§ INSTRUCTIONS FOR THE TASK
Below are the records; give again exactly the lines from the one containing "Quality Leather Sheepskin" through the one containing "Contemporary Deep Blue", leaving out pictures.

§ RECORDS FOR THIS EXERCISE
____

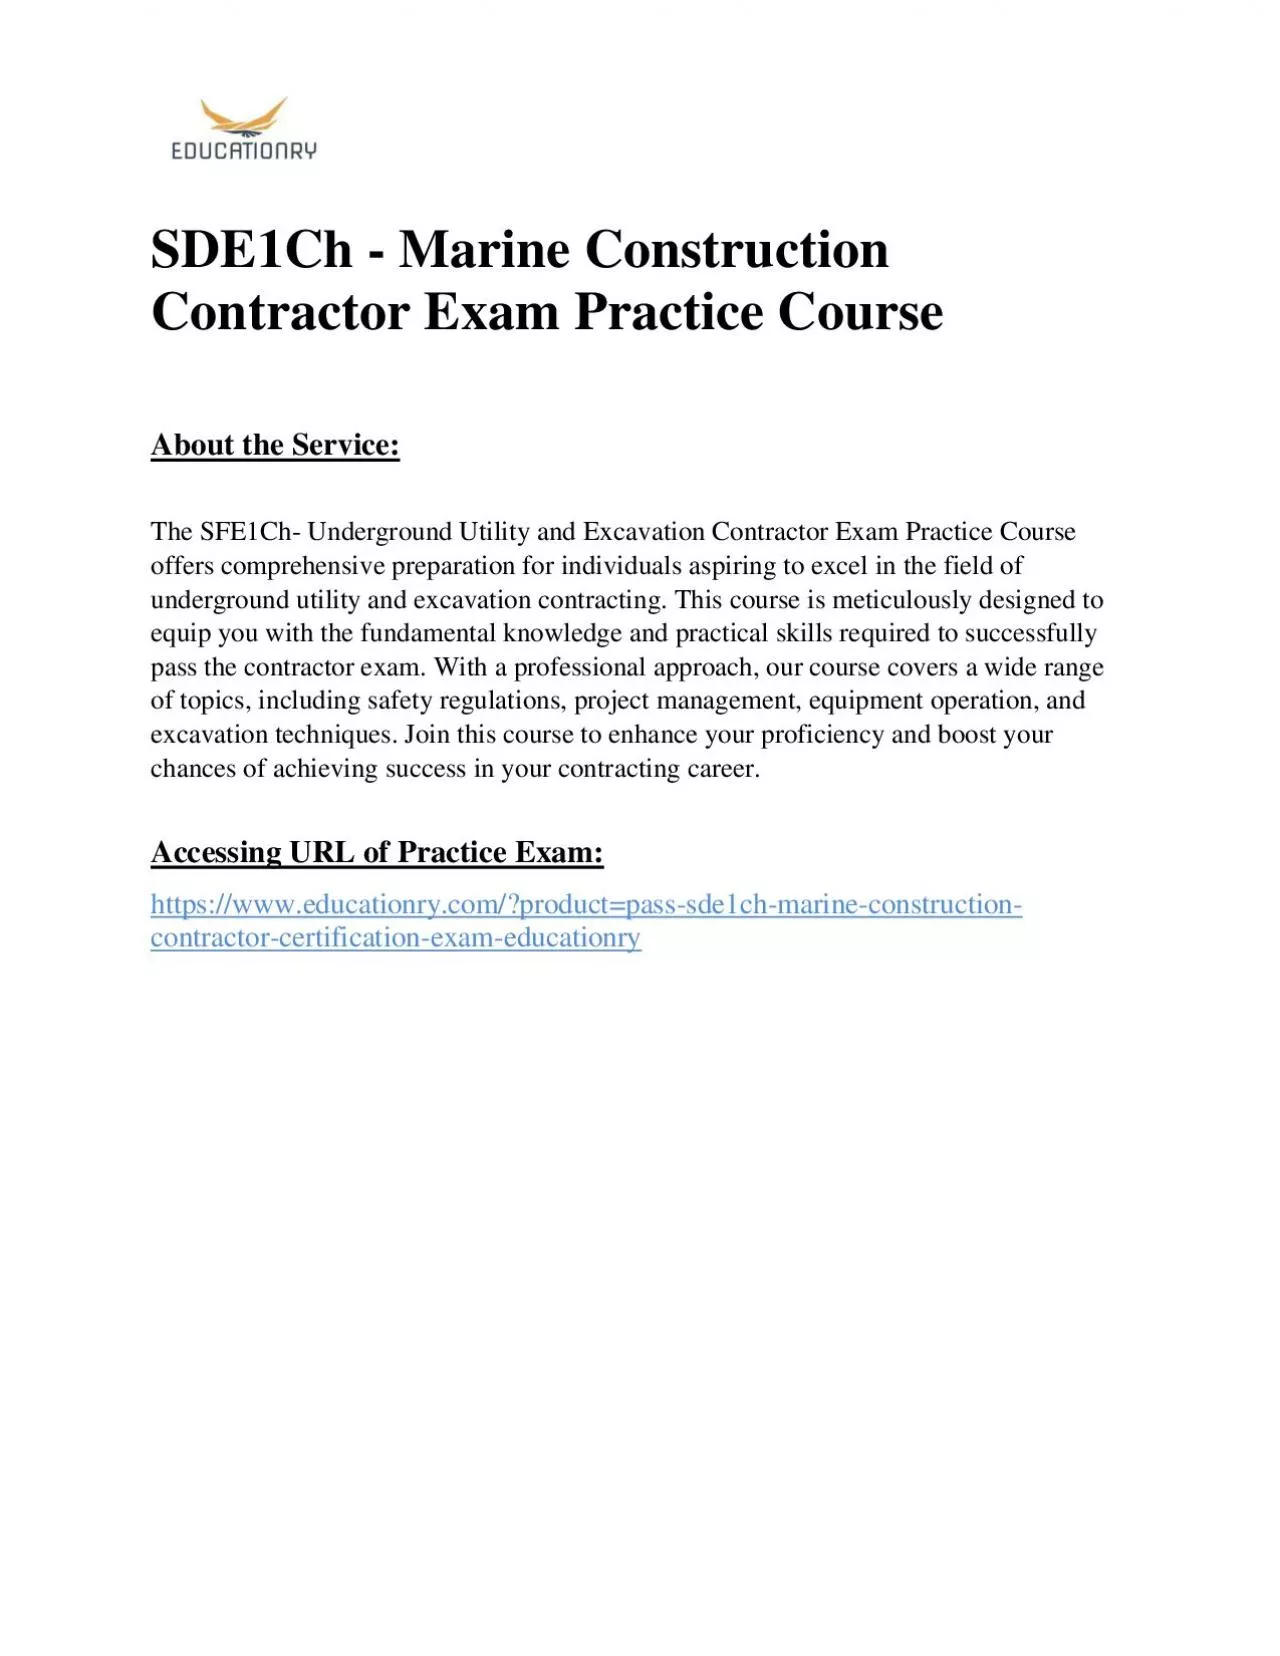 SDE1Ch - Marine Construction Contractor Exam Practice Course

____

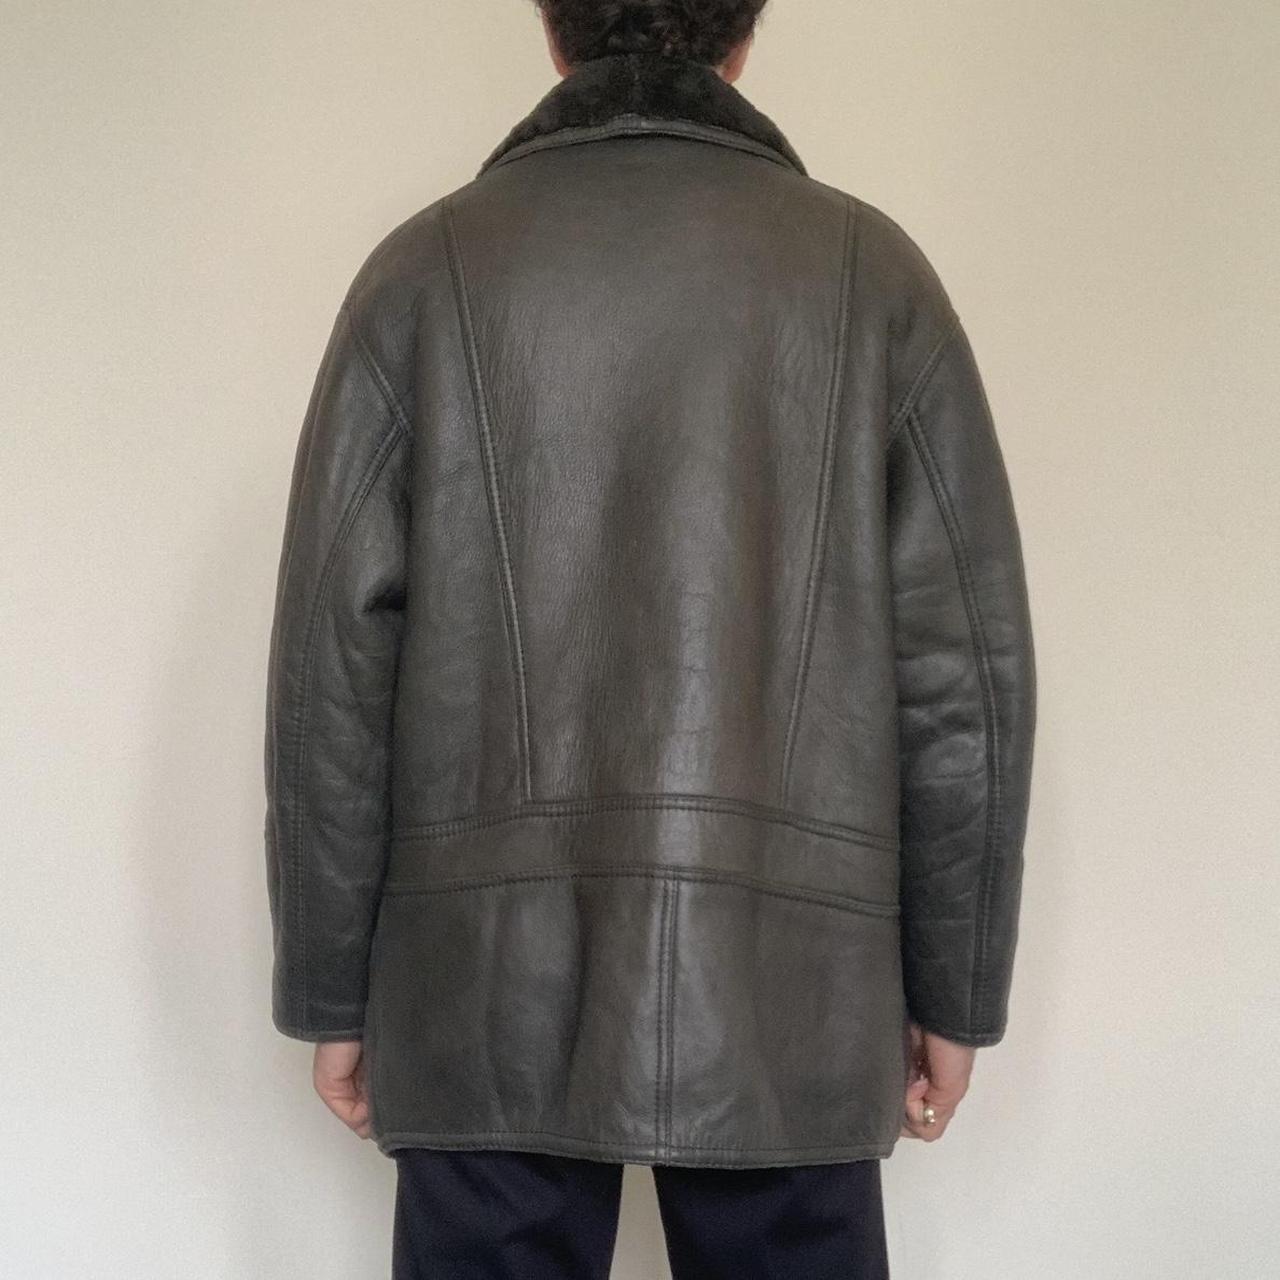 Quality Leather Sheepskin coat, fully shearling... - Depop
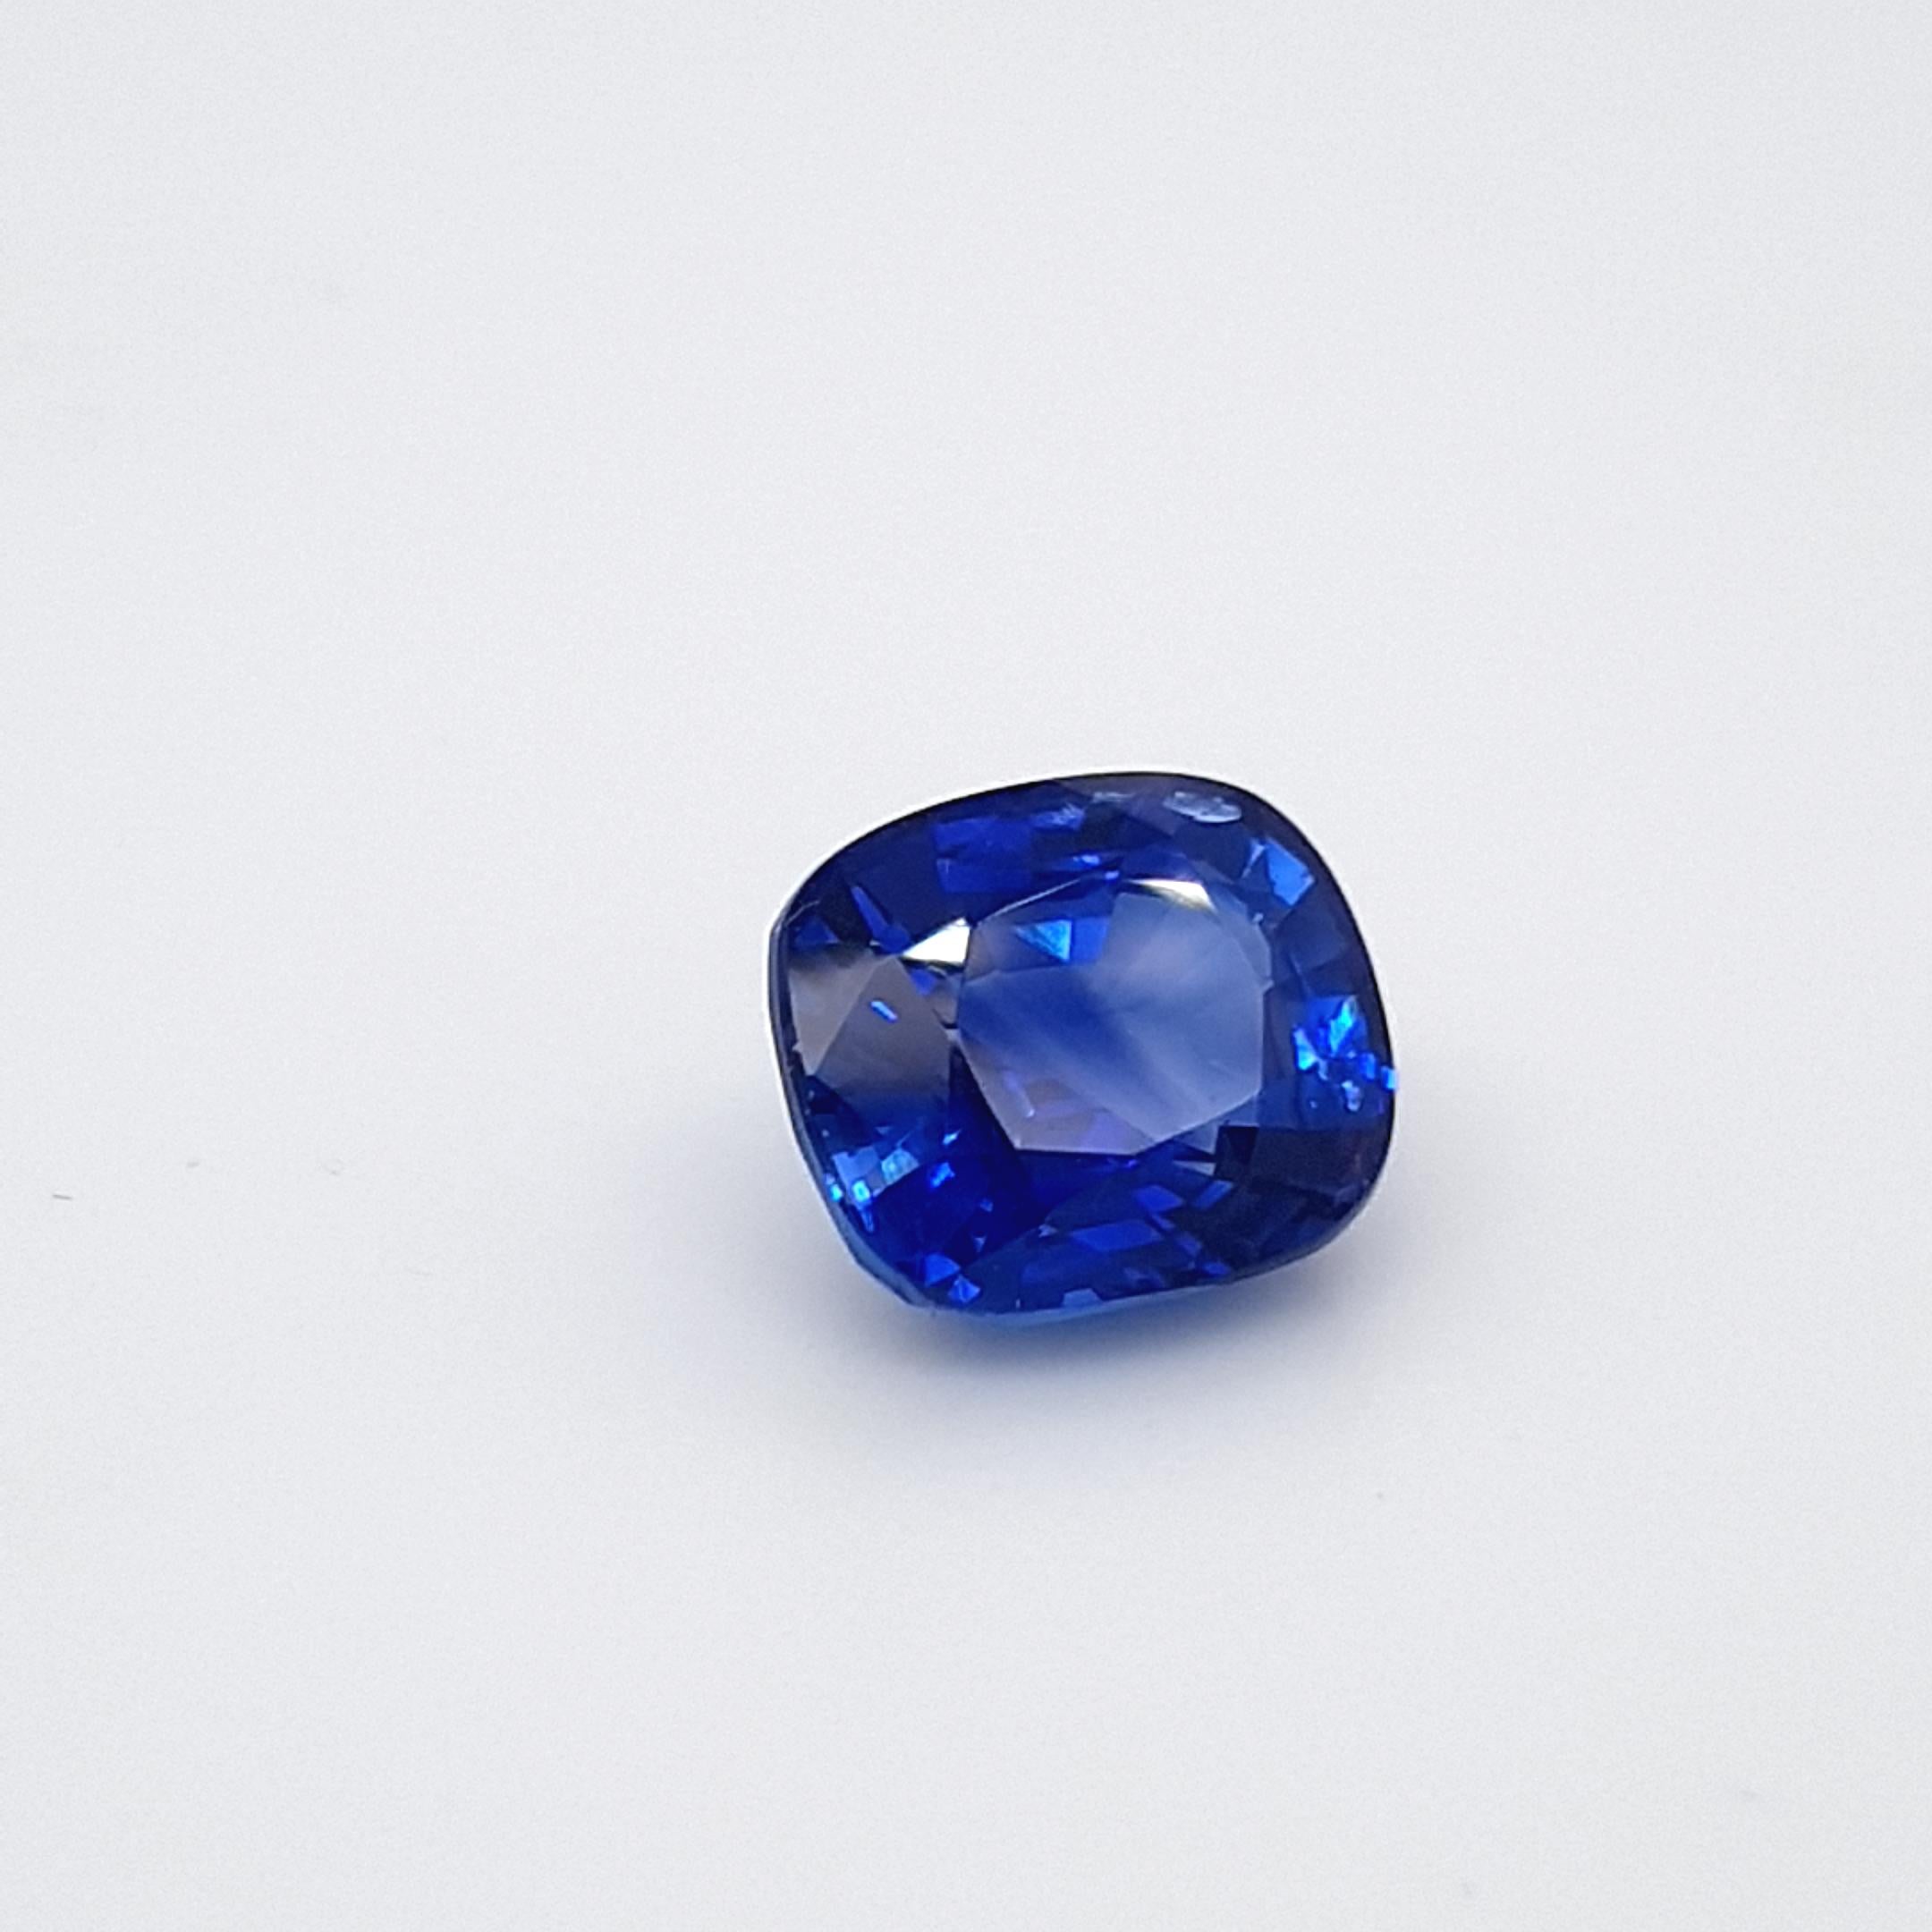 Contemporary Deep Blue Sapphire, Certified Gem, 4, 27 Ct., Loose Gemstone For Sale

____

§ SOLUTION TO THIS EXERCISE
 Quality Leather Sheepskin coat, fully shearling... - Depop
 Contemporary Deep Blue Sapphire, Certified Gem, 4, 27 Ct., Loose Gemstone For Sale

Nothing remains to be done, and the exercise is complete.